When the estimates are wrong

Bad estimates usually trace back to one of a few causes:

  • Stale statistics. ANALYZE table_name; refreshes them. Autovacuum normally handles this, but after a bulk load we want to do it explicitly.
  • Correlated columns. The planner assumes columns are independent. If country and city correlate strongly, estimates for WHERE country='UA' AND city='Kyiv' will be off. CREATE STATISTICS (extended statistics) fixes this:
    CREATE STATISTICS orders_country_city (dependencies)
      ON country, city FROM addresses;
    ANALYZE addresses;
  • Low default_statistics_target.
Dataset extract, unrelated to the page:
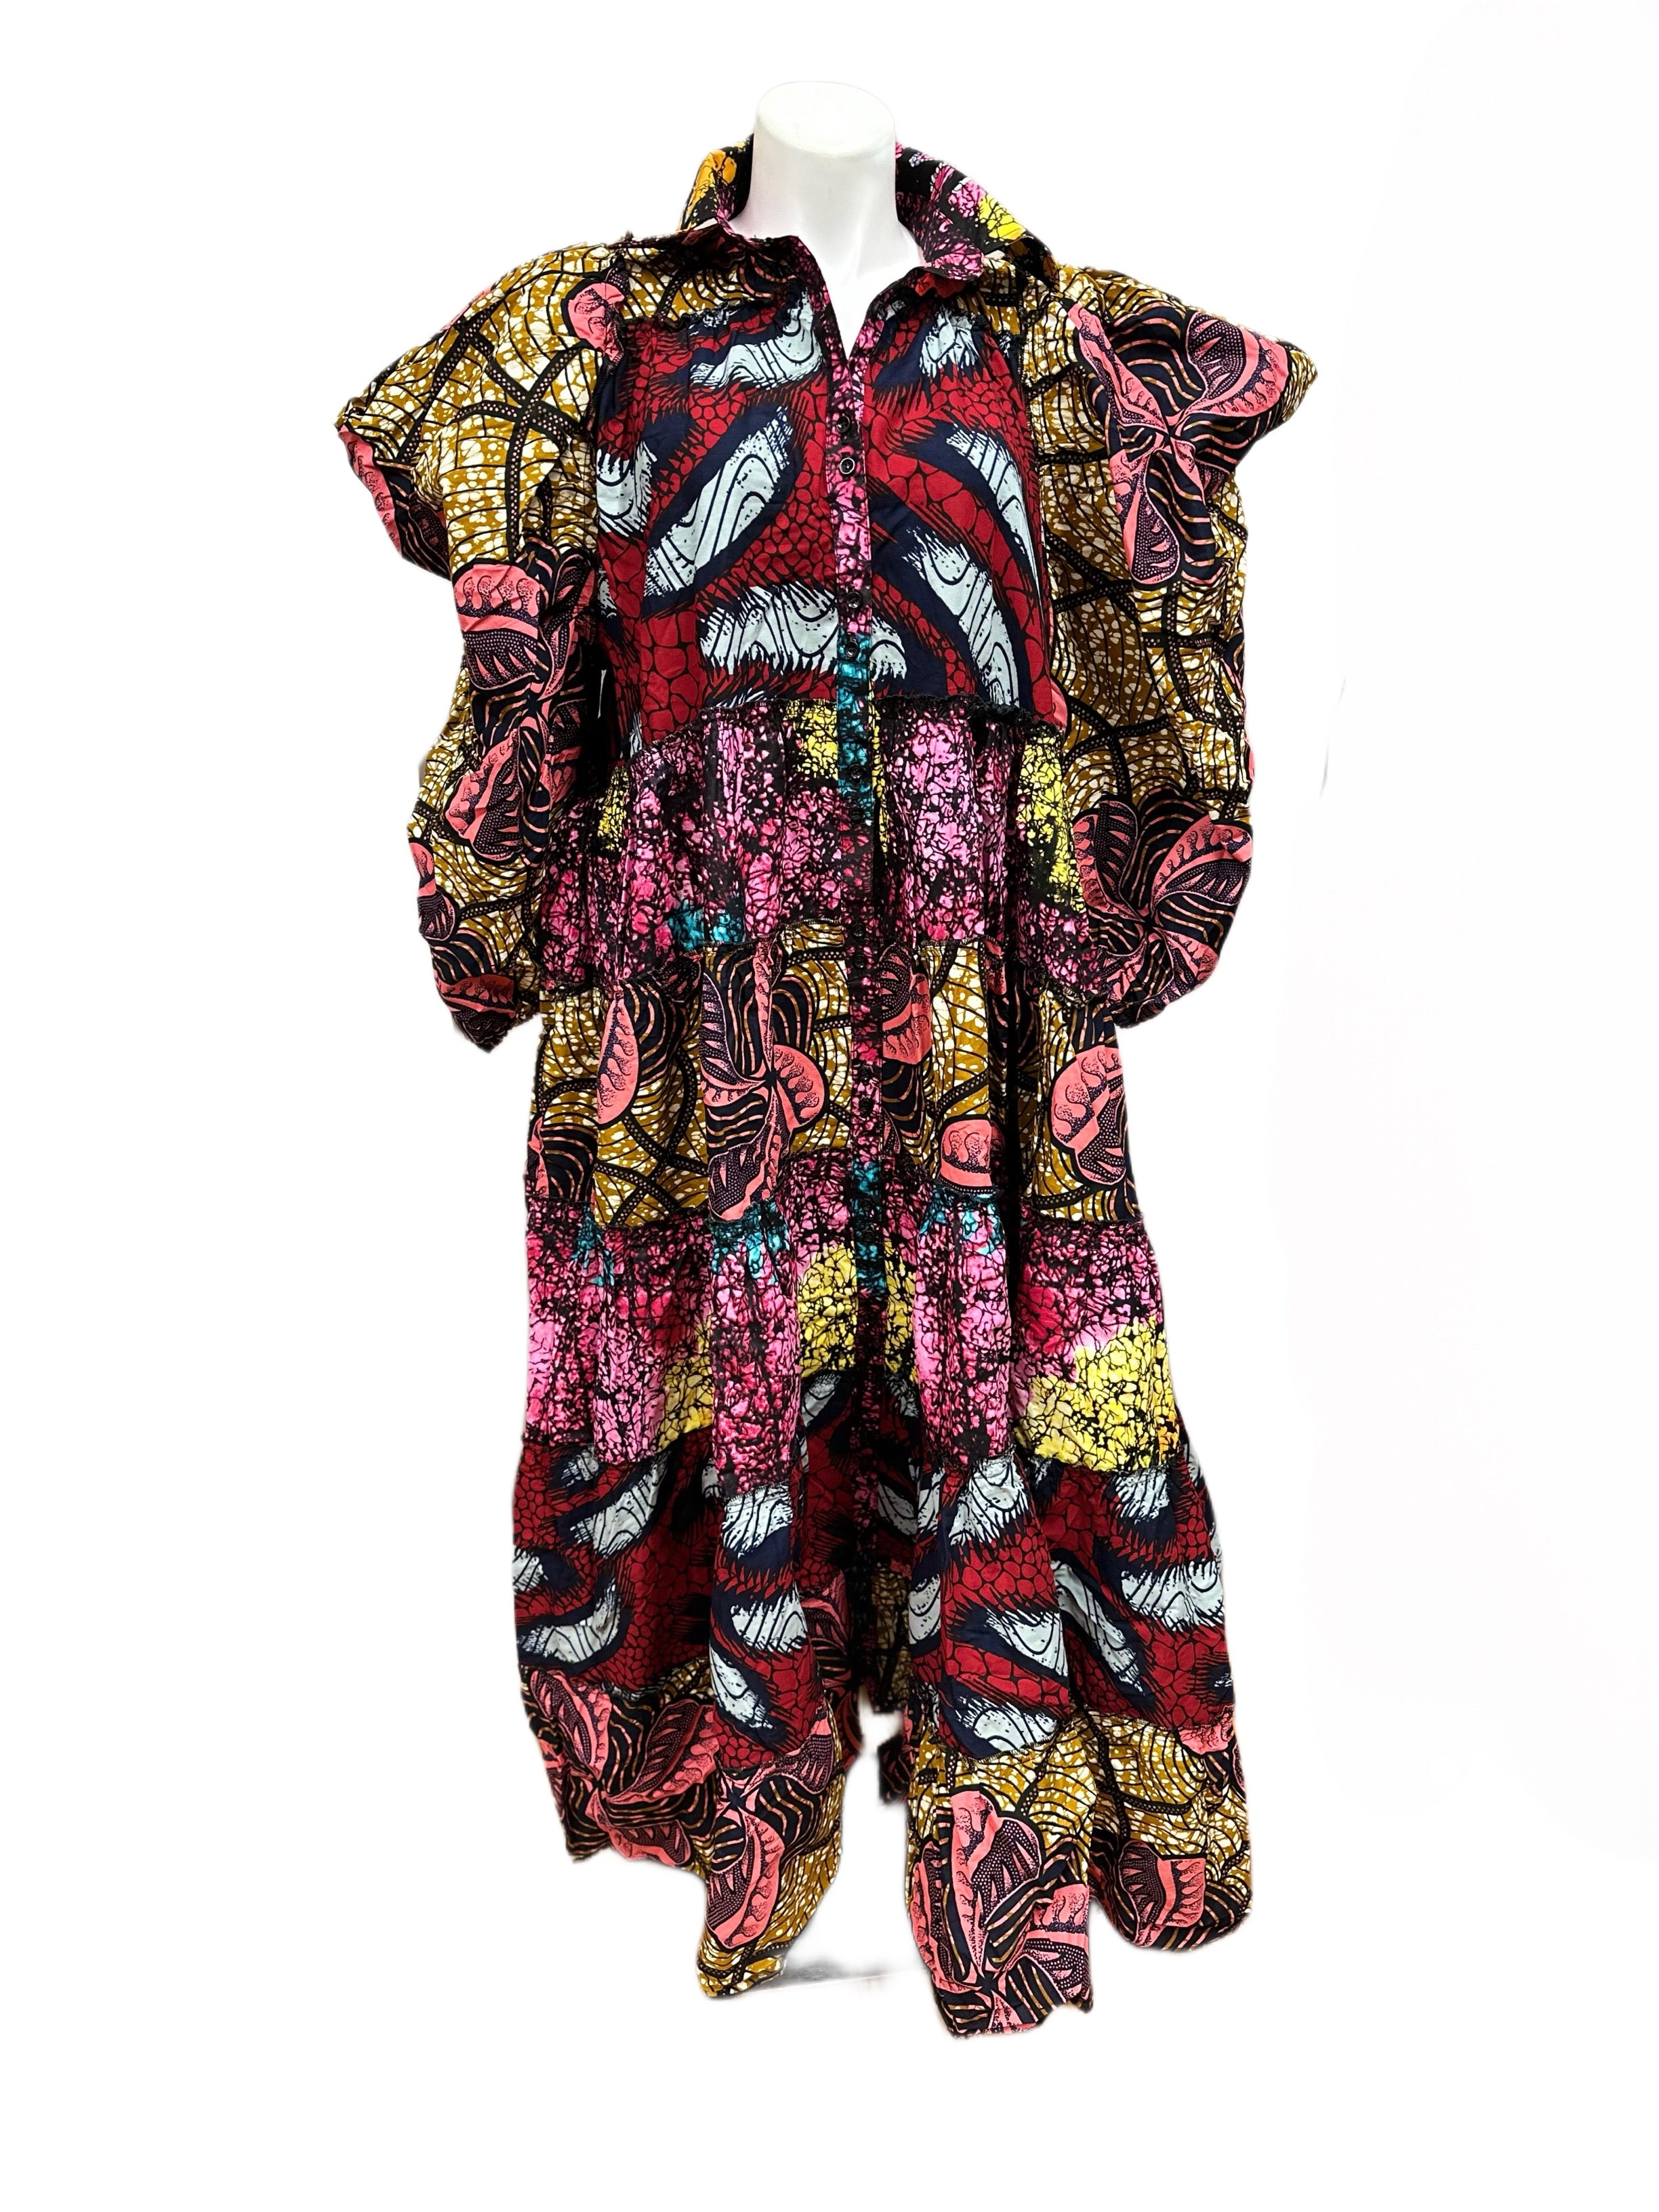 Batik Puff Sleeve Show Stopping Long Jacket or Dress
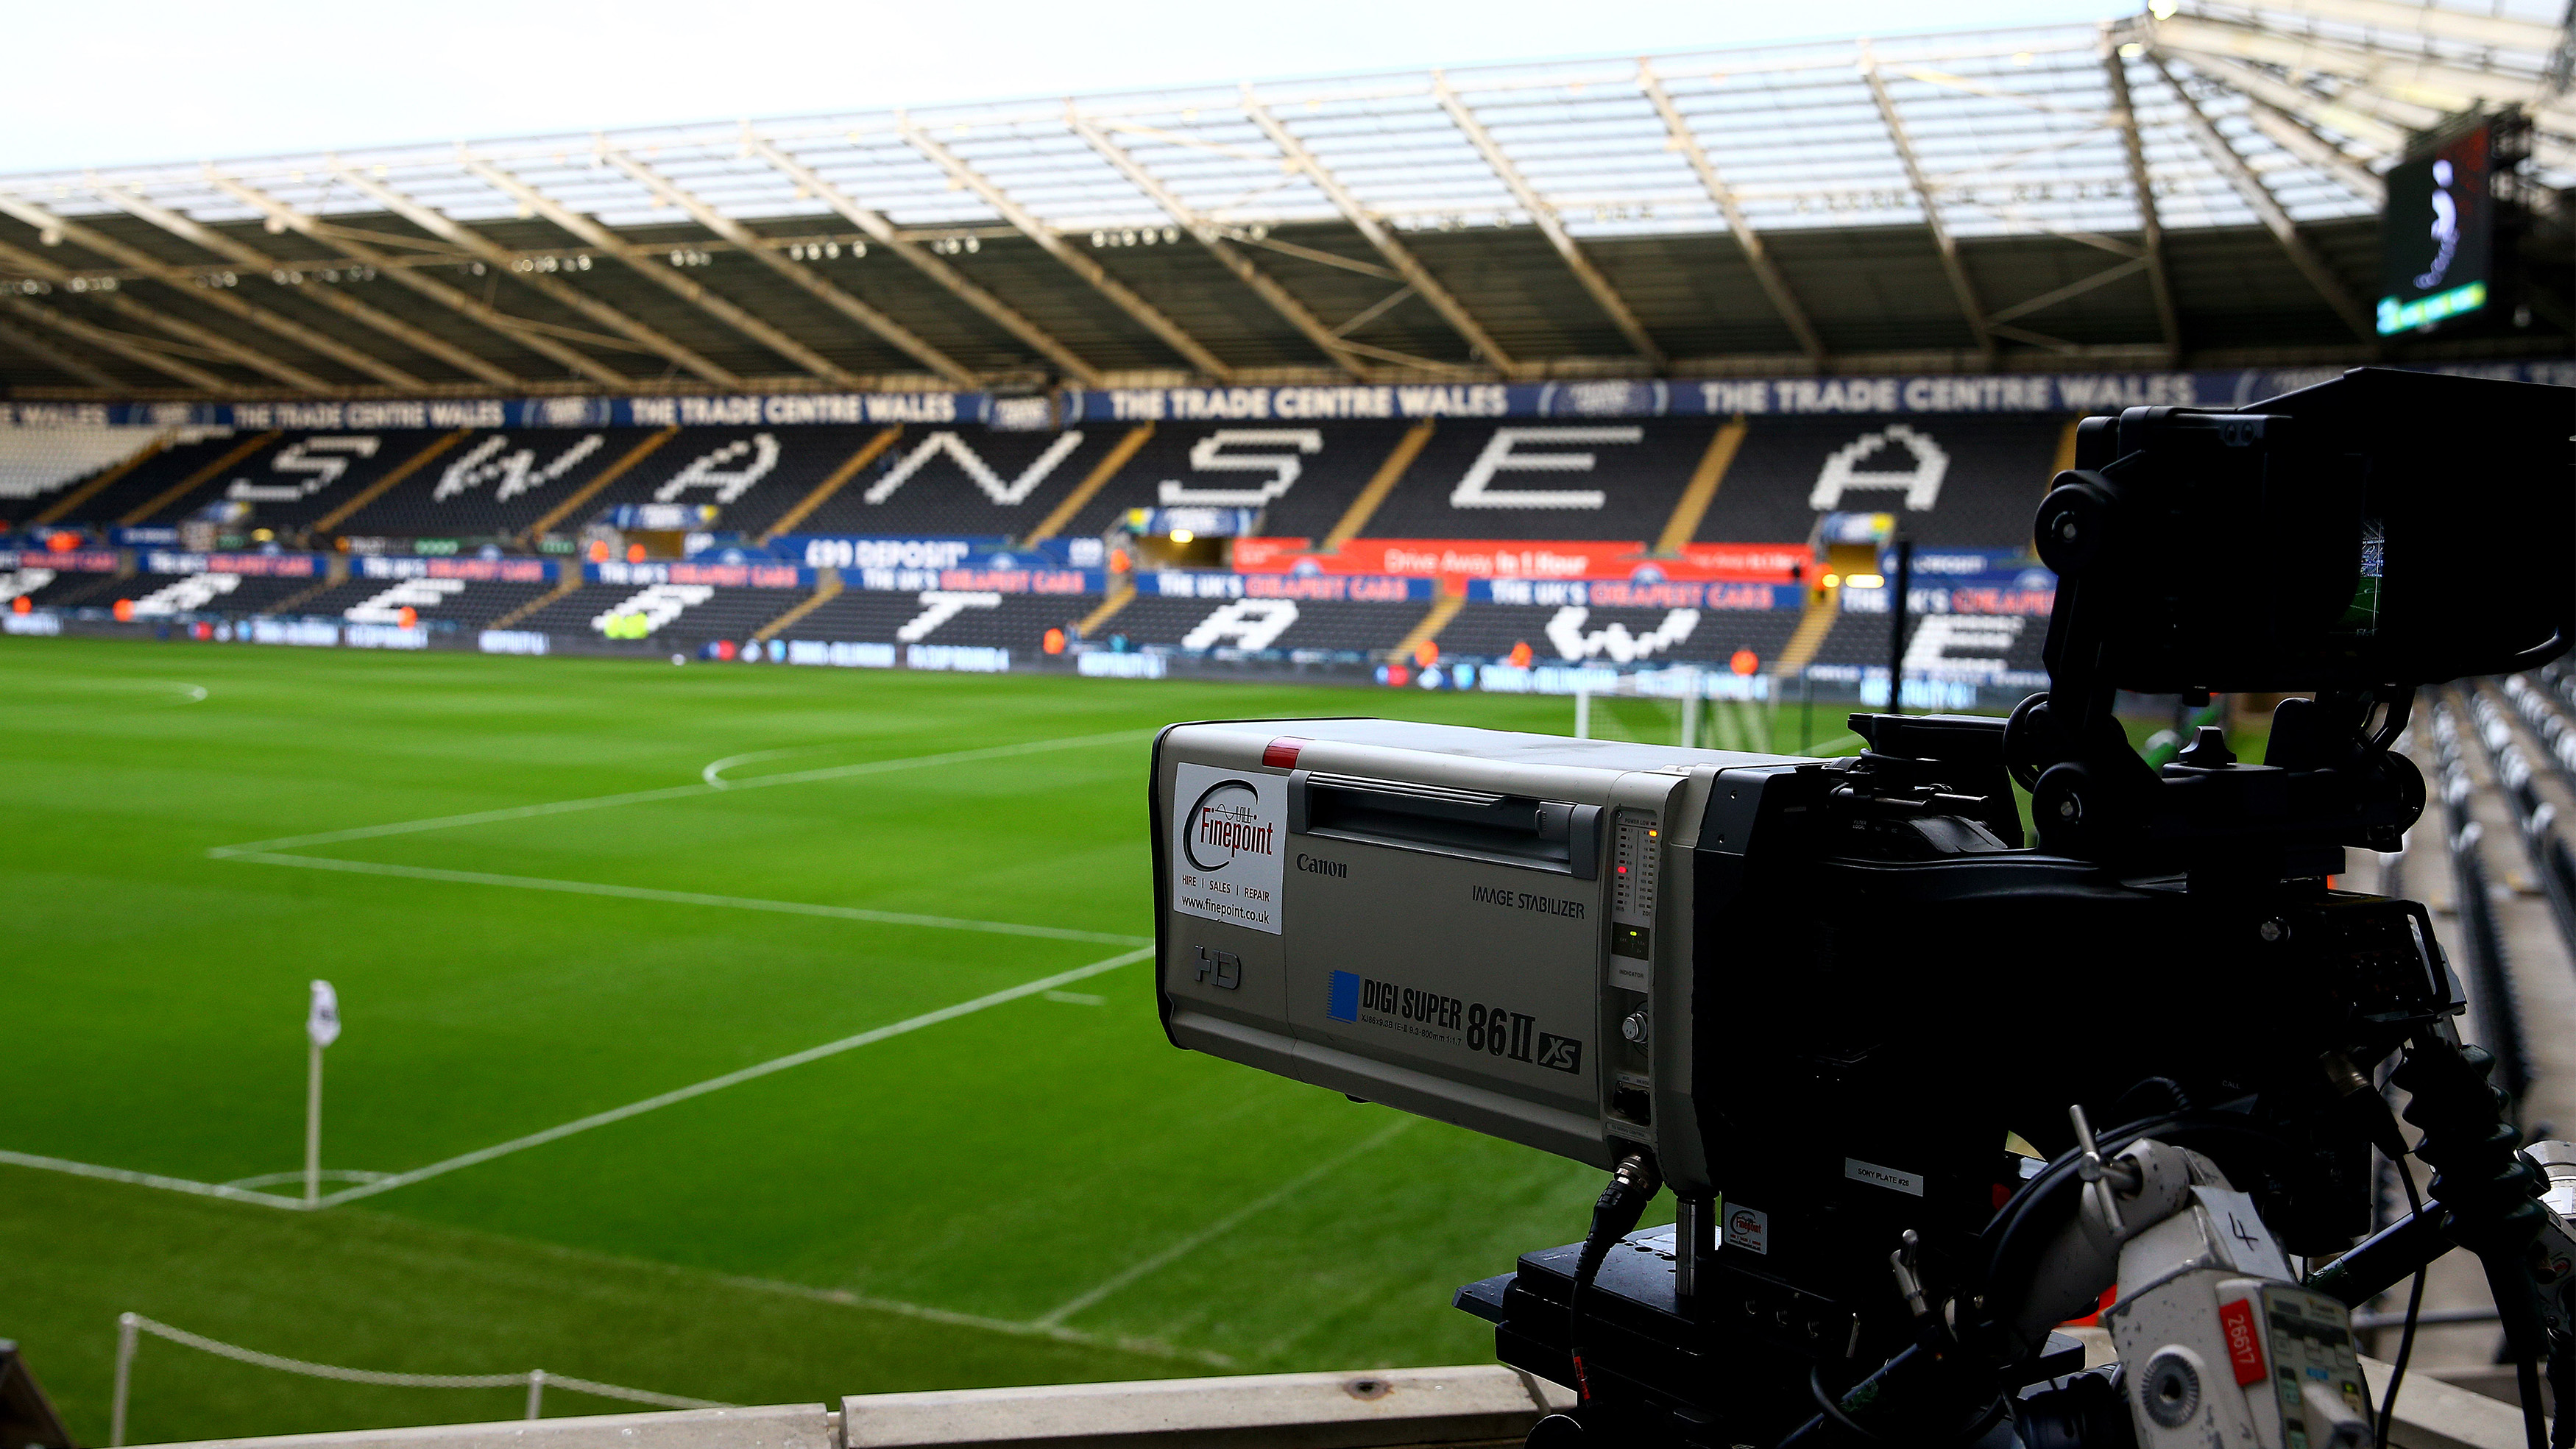 TV camera shoots across Swansea.com Stadium pitch

The default of 100 is fine for most columns. For a column with a highly skewed distribution, bumping it to 1000 on that specific column with ALTER TABLE ... ALTER COLUMN ... SET STATISTICS 1000 gives the planner a better histogram.
Tooling

The raw text output is fine for short plans. For anything bigger, explain.depesz.com and explain.dalibo.com render the plan as a tree with the slowest nodes highlighted. I paste plans into Depesz reflexively now — the colour-coding for "row estimate off by 100x" saves a lot of eyeball time.

Things to keep in mind
  • EXPLAIN ANALYZE adds measurement overhead. A query that runs in 50 ms might report 80 ms under ANALYZE because of the per-row timing calls. The shape of the plan is reliable; the absolute numbers drift a bit.
  • The first run of a query often reads from disk; the second run hits cache. Run it twice and compare Buffers before drawing conclusions about I/O.
  • Parallel plans report per-worker timings. The Gather node shows the wall time; the children show the average across workers.
What I'd Recommend

Make EXPLAIN (ANALYZE, BUFFERS) the default reflex when a query is slow, before reaching for indexes, query rewrites, or pg_stat_statements. Most slow queries I've debugged were one of three things: a missing index, a bad row estimate, or a plan that looked fine but ran 10,000 inner loops. The plan tells us which one, and the fix follows from the diagnosis.